*** Block opens ***

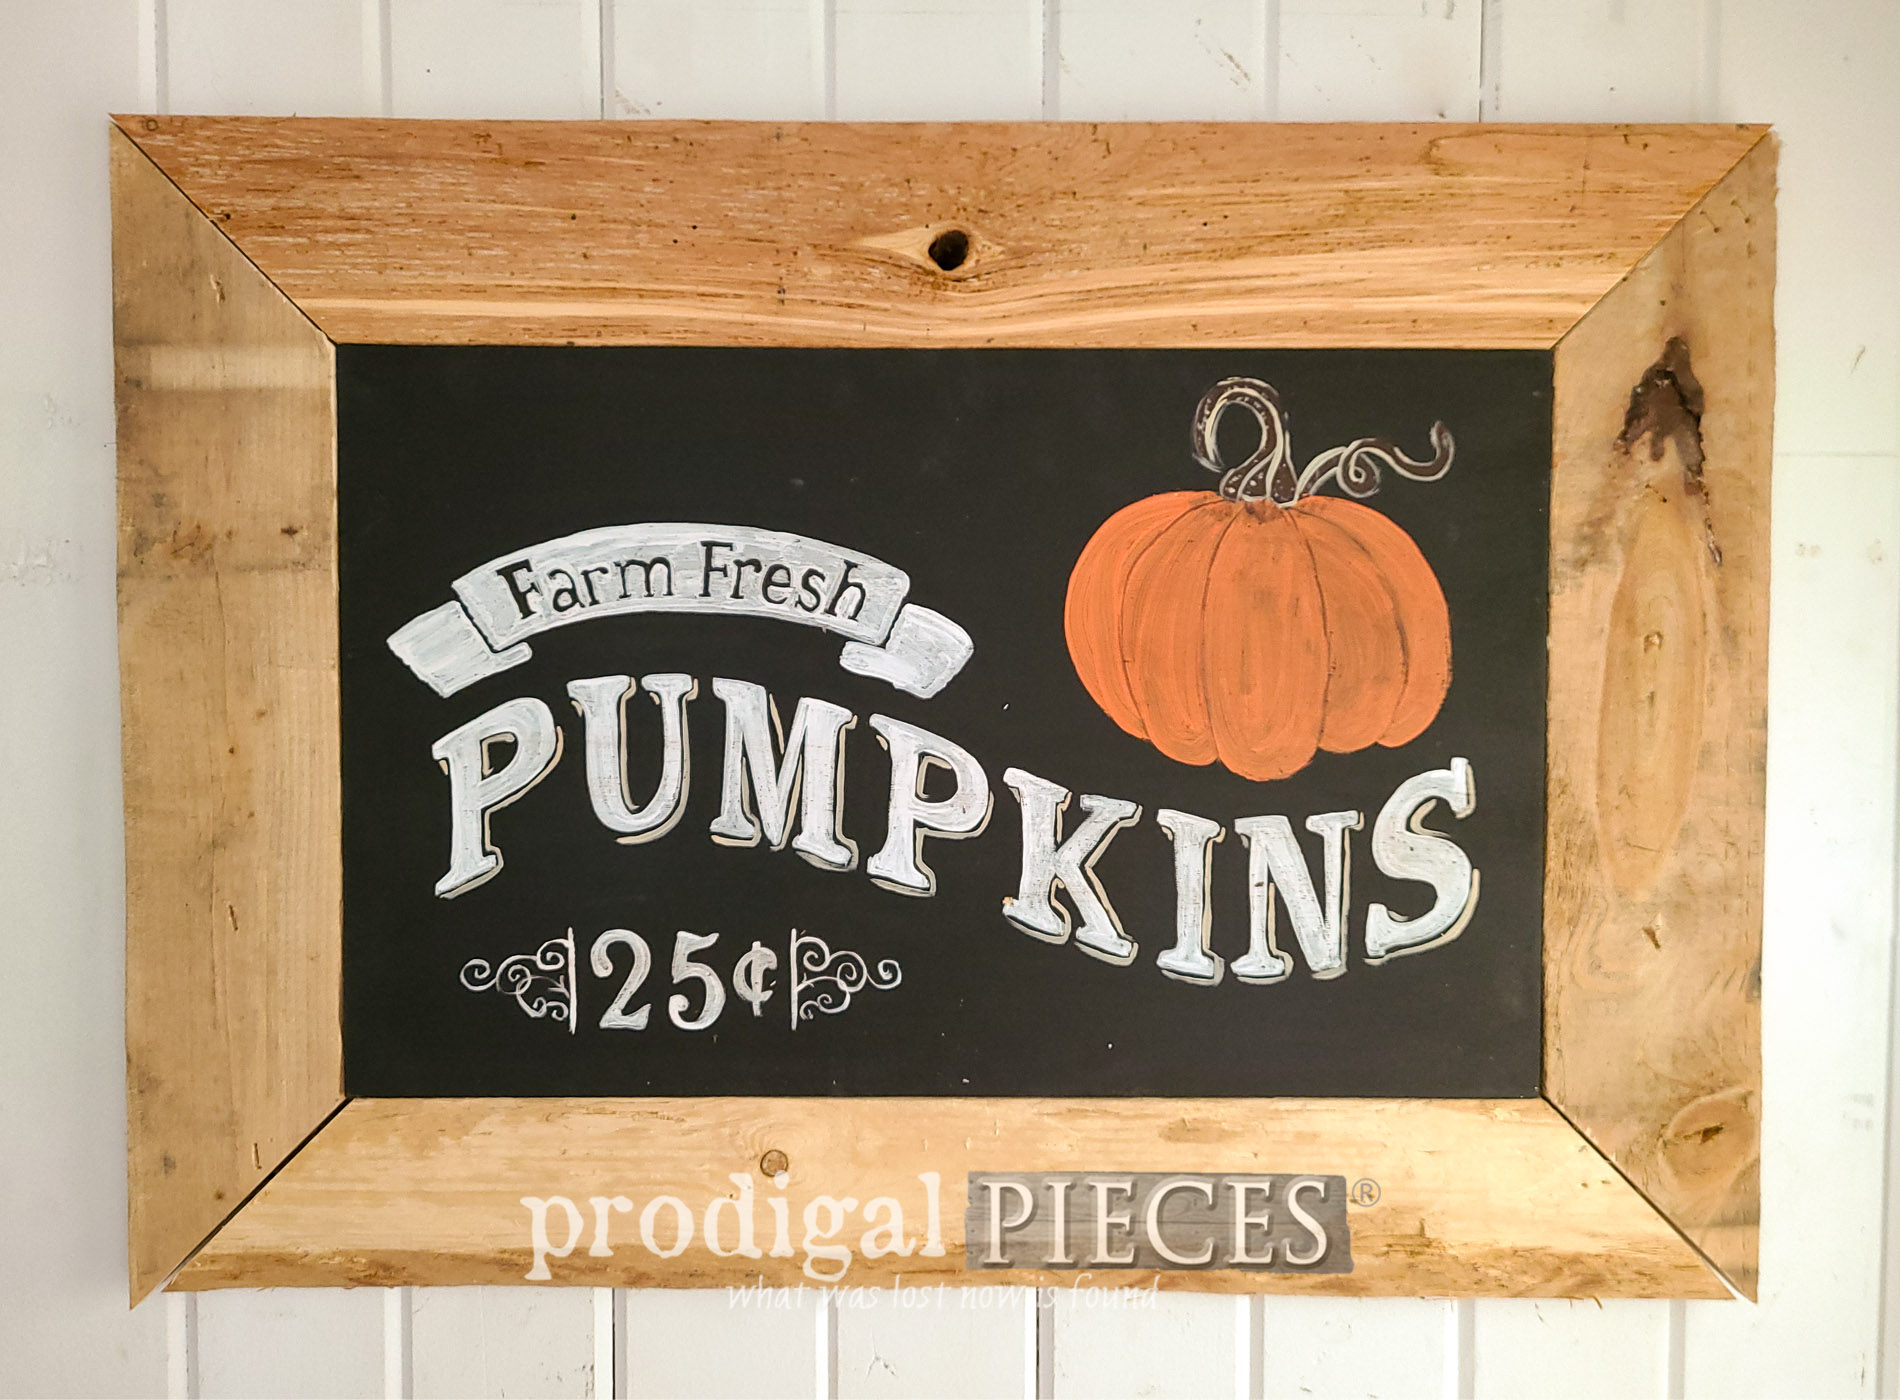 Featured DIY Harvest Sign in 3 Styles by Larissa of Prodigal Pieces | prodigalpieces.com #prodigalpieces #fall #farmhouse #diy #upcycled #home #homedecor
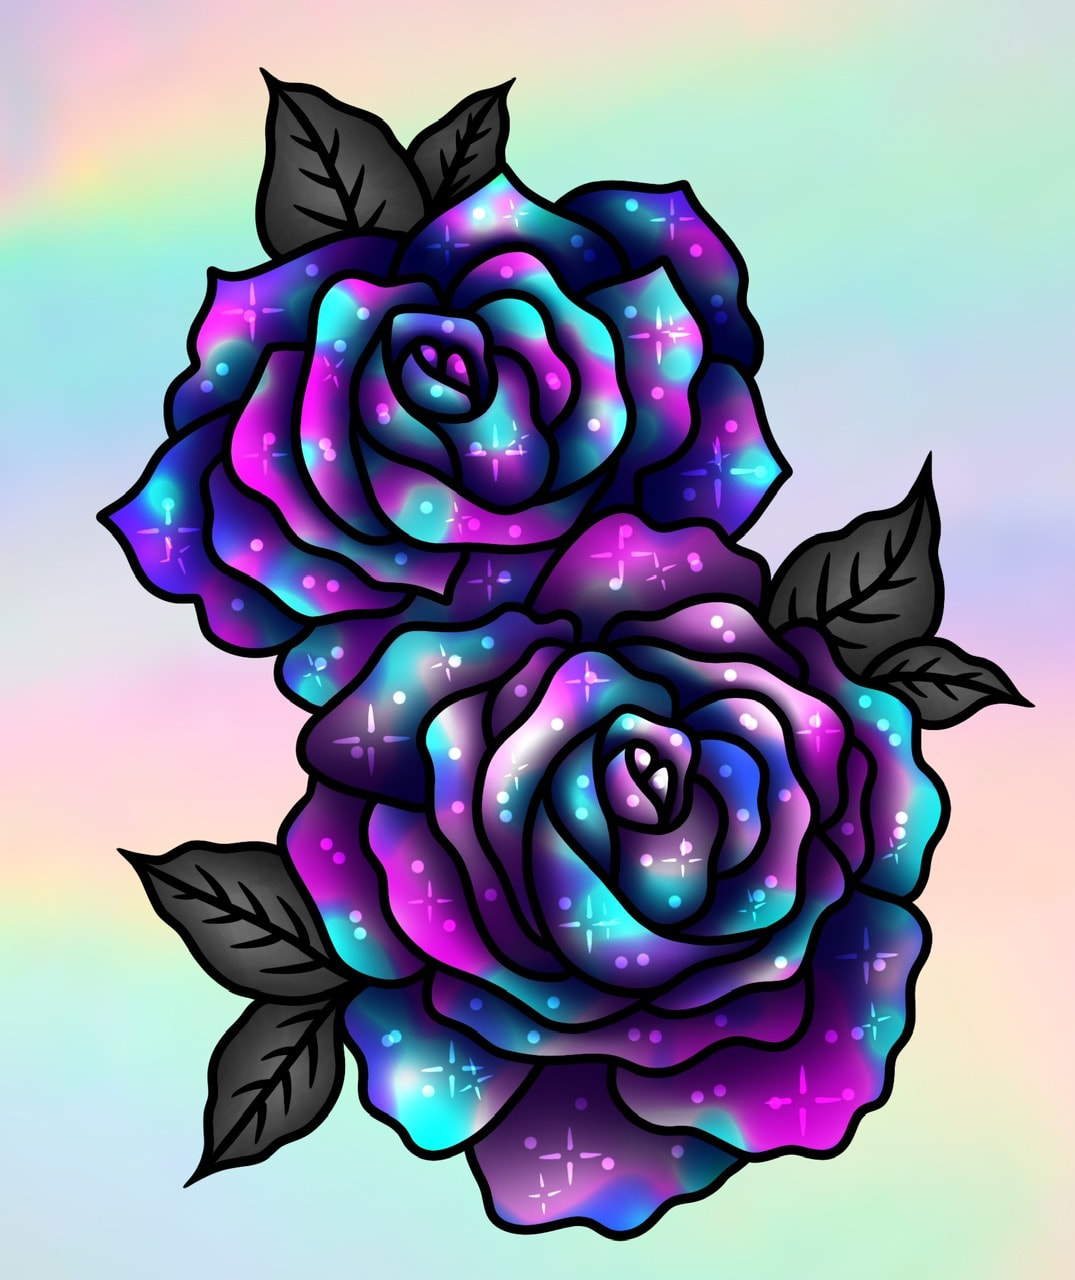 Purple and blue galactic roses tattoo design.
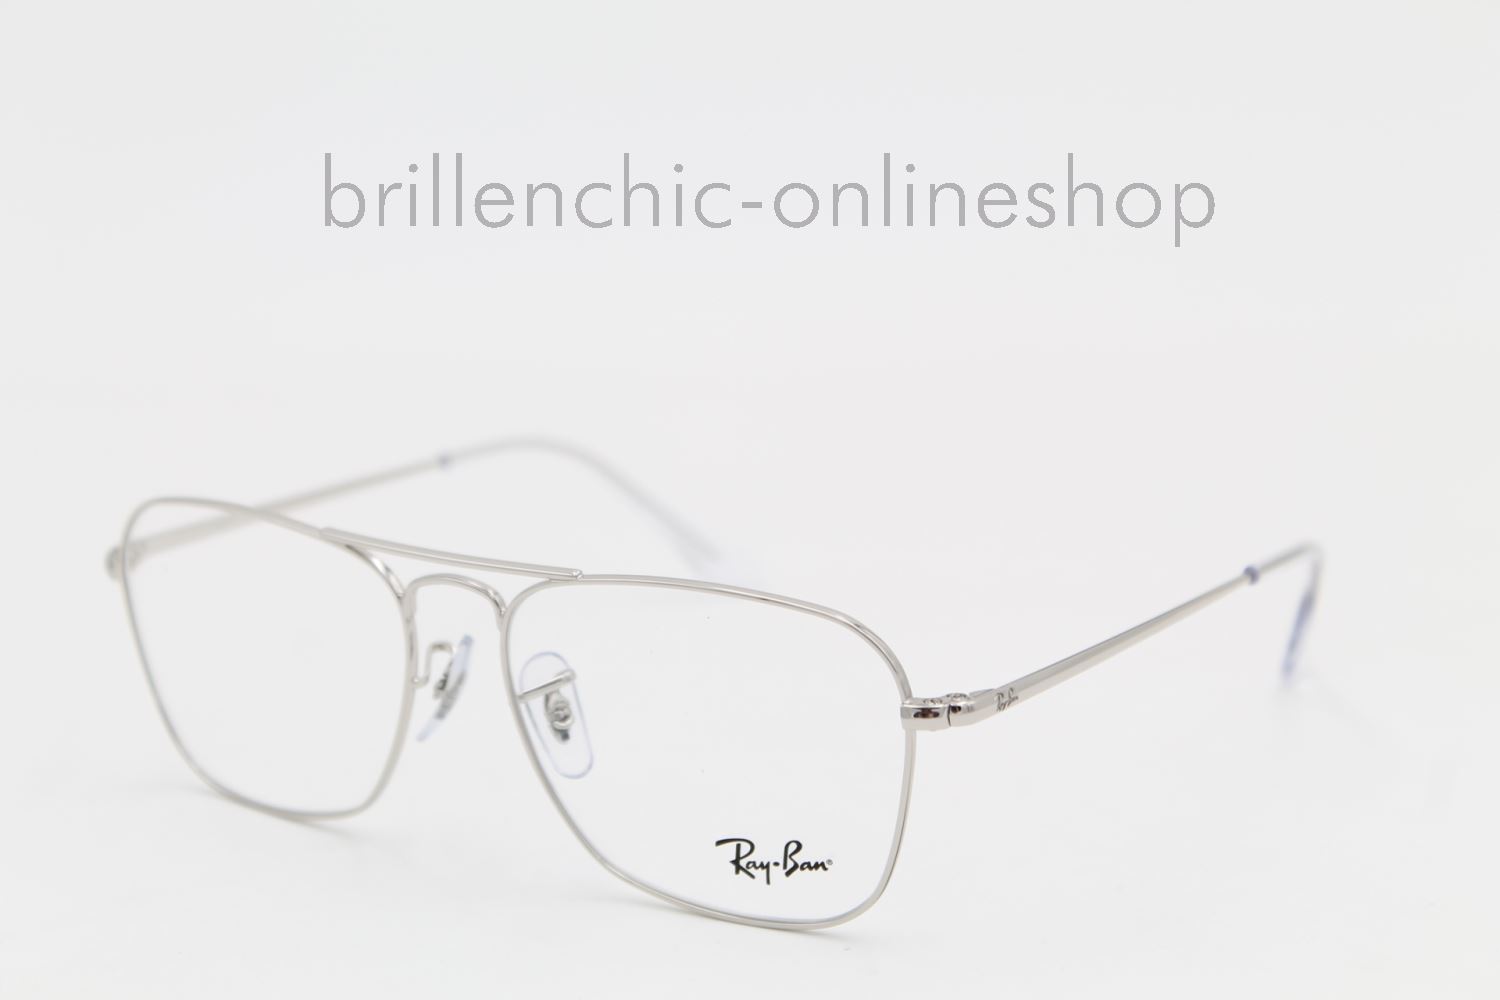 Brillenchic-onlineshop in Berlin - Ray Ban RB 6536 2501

*** Block closes ***

WHAT THE TASK ASKS>
Each line from the one with "Purple and blue" to the end of the material needs to be output word for word, with no picture included.

YOUR SOLUTION>
 Purple and blue galactic roses tattoo design.
 Brillenchic-onlineshop in Berlin - Ray Ban RB 6536 2501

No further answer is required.